Saturday, August 08, 2009

Is The GOP Turning Into A Religion?

A couple recent polls showed that a significant percentage of Republicans--on the order of 30-40%--don't believe President Obama was born in the U.S. The evidence to support that view is scant, practically non-existent, based mainly on wishful thinking.

That got us to thinking: is the Republican party turning into a religion, where belief trumps fact?

Trying to define the difference between a religion and a political philosophy isn't easy. Political ideologies are often based on beliefs in the unprovable, just as are religious theologies.

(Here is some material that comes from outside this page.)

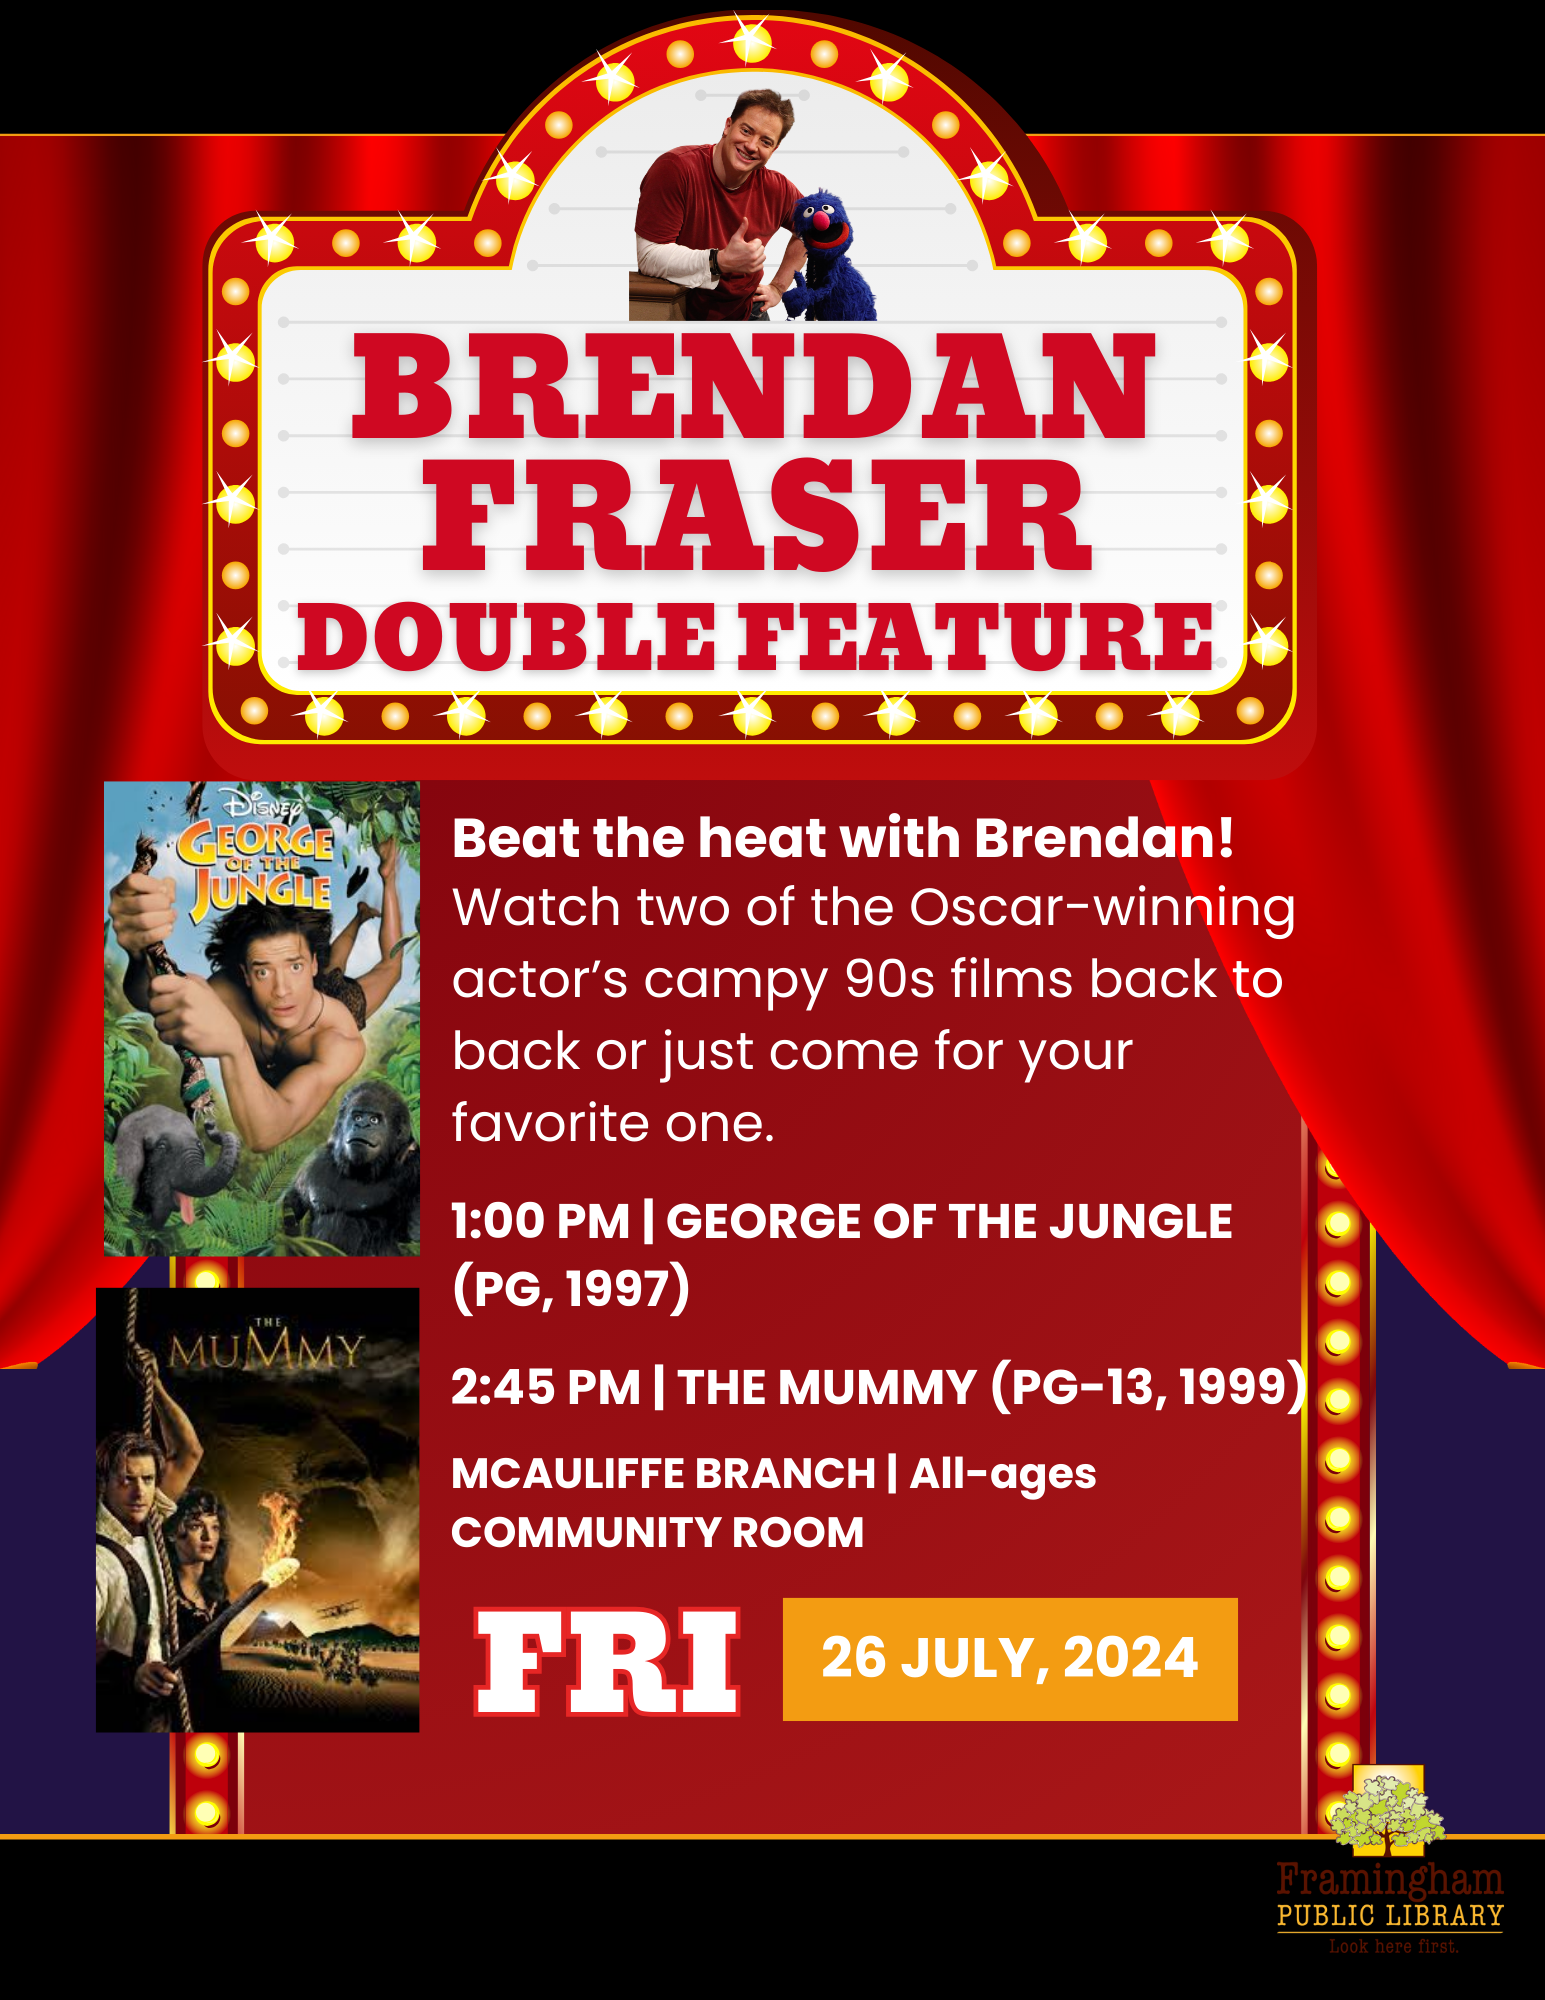 Brendan Fraser Double Feature thumbnail Photo

Theology may just be a subset of ideology: a theology concerns mankind's "conception of god" whereas an ideology is broader, concerning mankind's conception of rules to govern people.

There are times when we wish we had an alternative to the Democratic party. We tend to be more fiscally conservative than many Democrats, preferring to pay for government services rather than borrowing money or printing currency to do so. (Mind you, under W. Bush, Republicans were perfectly happy to borrow money and print currency to further their goals as well.) And we don't see gov't as the best solution to all problems.

Unfortunately, the GOP isn't a viable alternative these days, at least not for us and many moderate independent voters. The party seems filled with birthers, creationists, goldbugs and supremacists; is anti-science, hypocritical on issues of marriage, adultery and sexuality; and represents an ideology mired in theology. Remarkably, a party that once featured many strong intellectual thinkers, like William F. Buckley, has become a party of anti-intellectuallism, with blow-hards like Limbaugh and O'Reilly resembling modern-day No-Nothings.

Is there room in the U.S. for a new, third political party? Probably not. We've been a dual-party nation for too long a time to make that likely.


J. Tyler Ballance said...

The Republican Party leadership is filled to the brim with multi-national corporate lackeys.

Ross Perot was right. As soon as the Republicans gained power, we witnessed an acceleration in the shipment of our strategic manufacturing base to Communist China and other third world states.

The Communists are patiently bleeding the United States dry of our industrial capacity and they are doing it with the consent of the Republicans.

When we had a Democratic Party that stood-up for the American working man, instead of being the mouthpiece for all things politically correct, for trial lawyers, teacher's unions and tree-huggers, the citizens could at least depend on the Democrats of old to apply strong anti-trust action to break-up the oligopolies and to keep American industry, and industrial workers moving forward.

Now, the Democrats have made it too expensive to build anything here and the Republicans have responded to their corporate puppet-masters by opening the borders, while sending our core industries to our enemy, the Communist Chinese.

We do not need any "third parties" but we do need REPLACEMENT parties for both the Republican and Democratic parties.

John Doe said...

I wonder if you asked this assinine question of the Democrats when a majority were blaming the Bush Adminstration for 9/11, calling it an inside job. Something tells me that did not bother you.

X Curmudgeon said...

No, we didn't ask the question of Dems after 9/11. The 9/11 conspiracy theorists are mostly on the right and we've never heard any of our Democratic friends suggest it wasn't real.